▸ **PROMPT**: From the line below containing "King Von reportedly" to the final line, print each line exactly as written. No pictures belong in the copy.

▸ **INFORMATION PROVIDED**:

=== Begin Enclosure ===

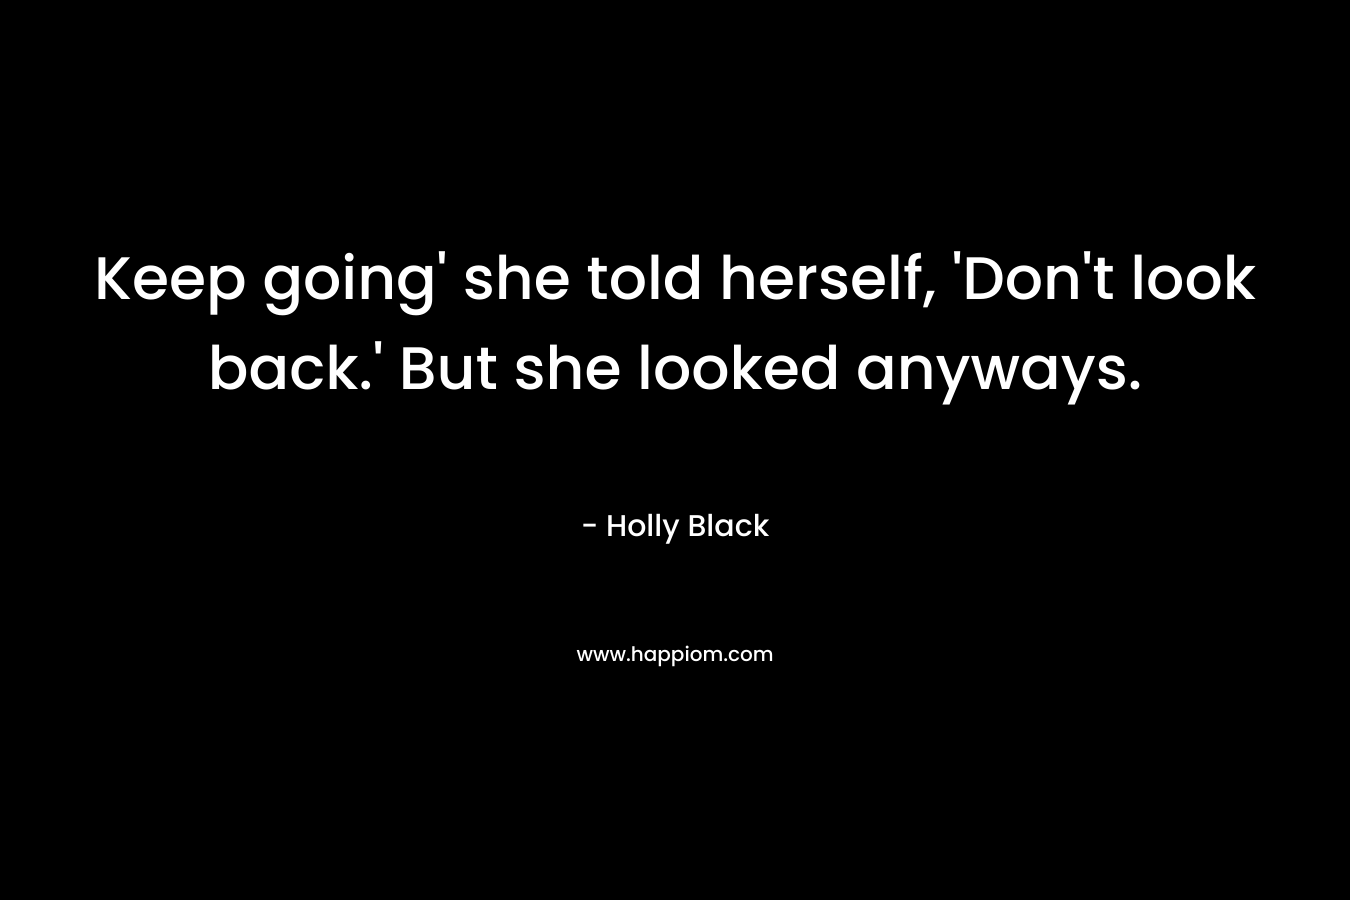 Keep going’ she told herself, ‘Don’t look back.’ But she looked anyways. – Holly Black
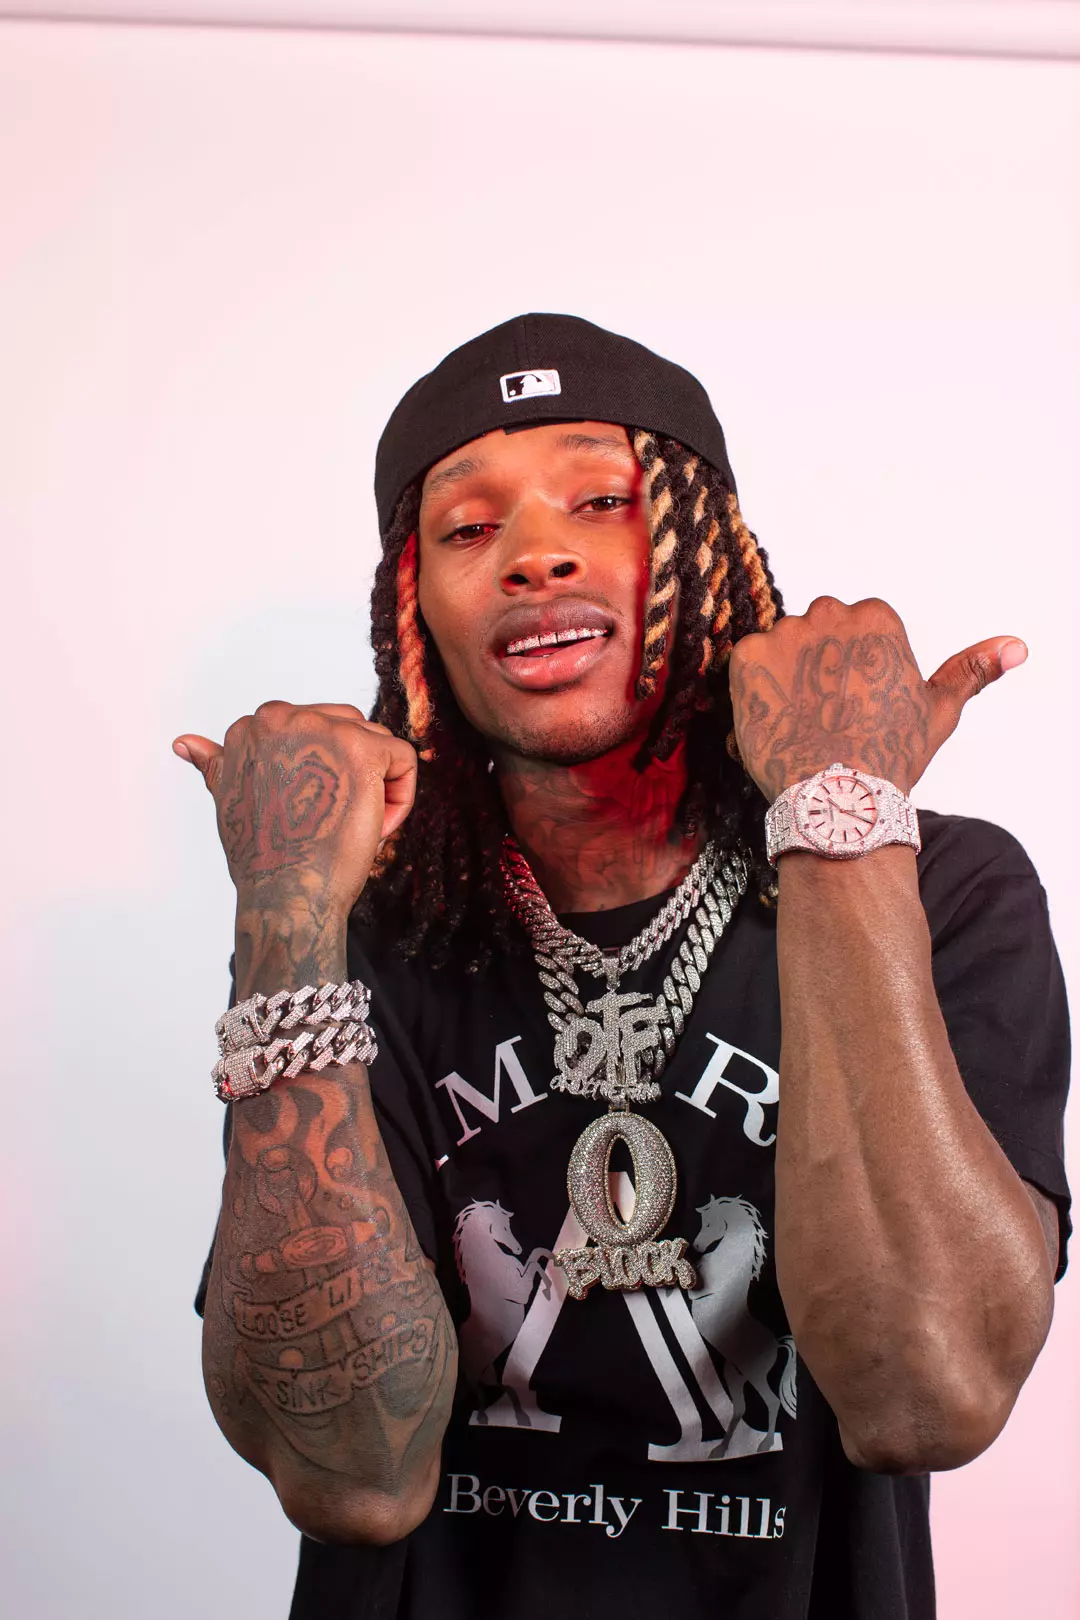 King Von reportedly passes away at age 26 - REMIXD Magazine
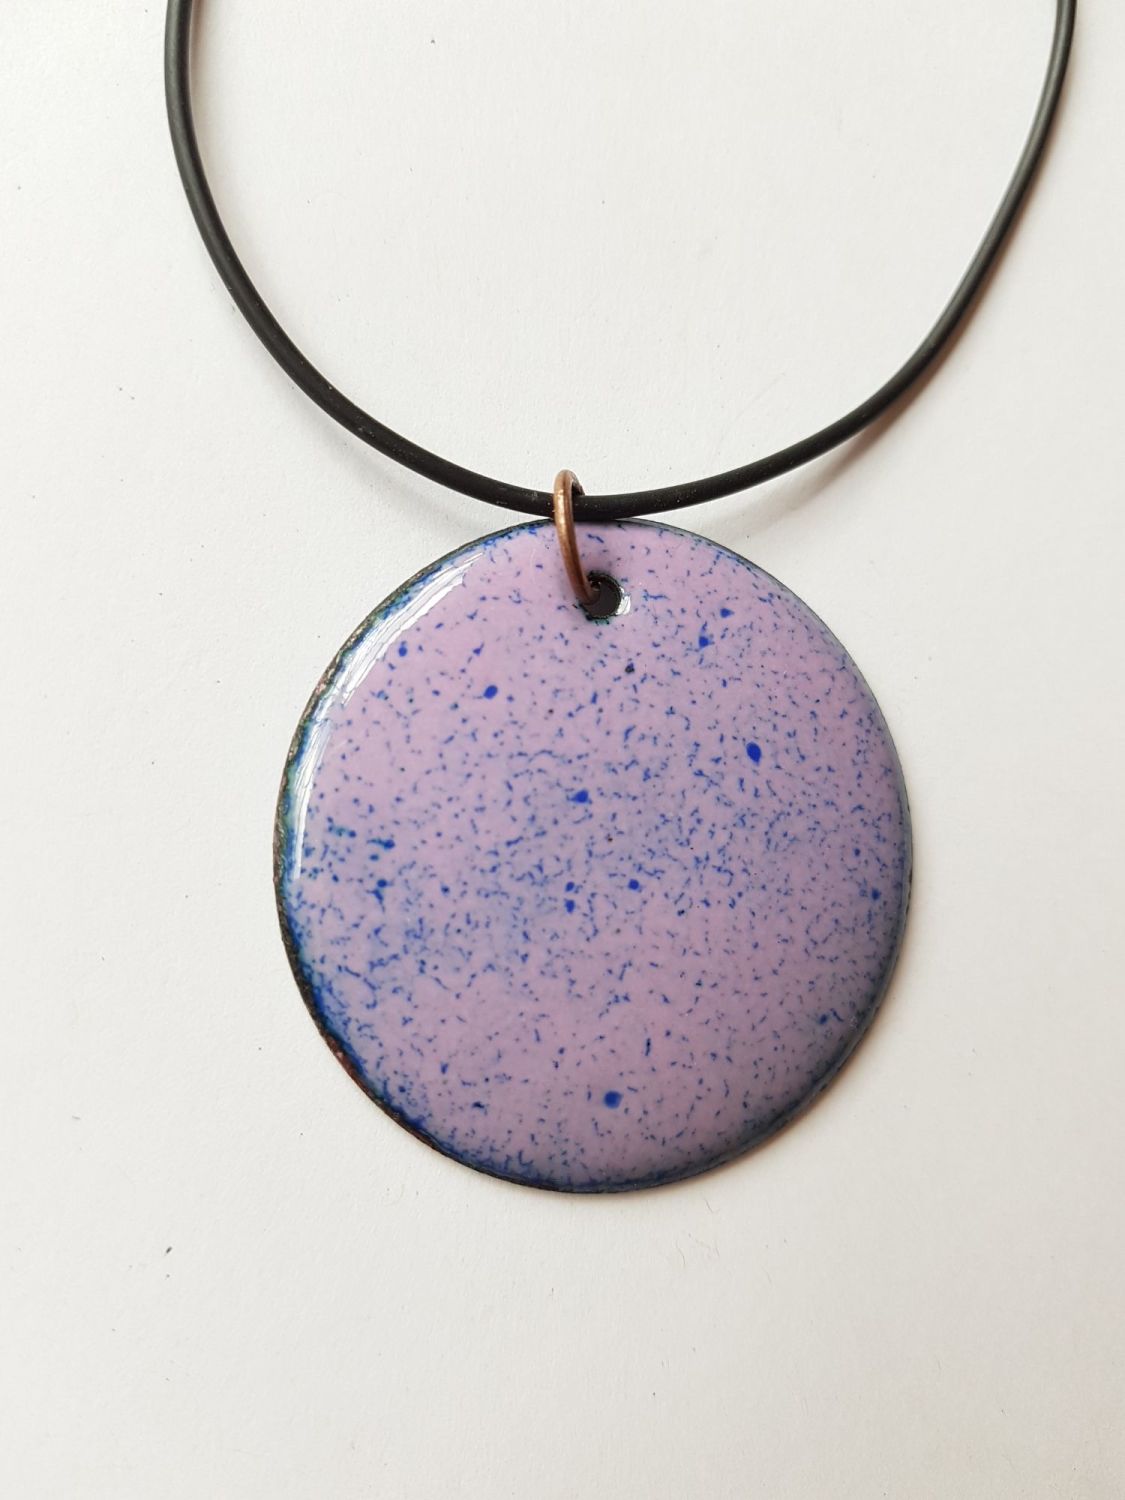 Enamelled copper pendant in mauve with royal blue speckles.

=== End Enclosure ===

▸ **EXERCISE OUTPUT**:
 King Von reportedly passes away at age 26 - REMIXD Magazine
 Enamelled copper pendant in mauve with royal blue speckles.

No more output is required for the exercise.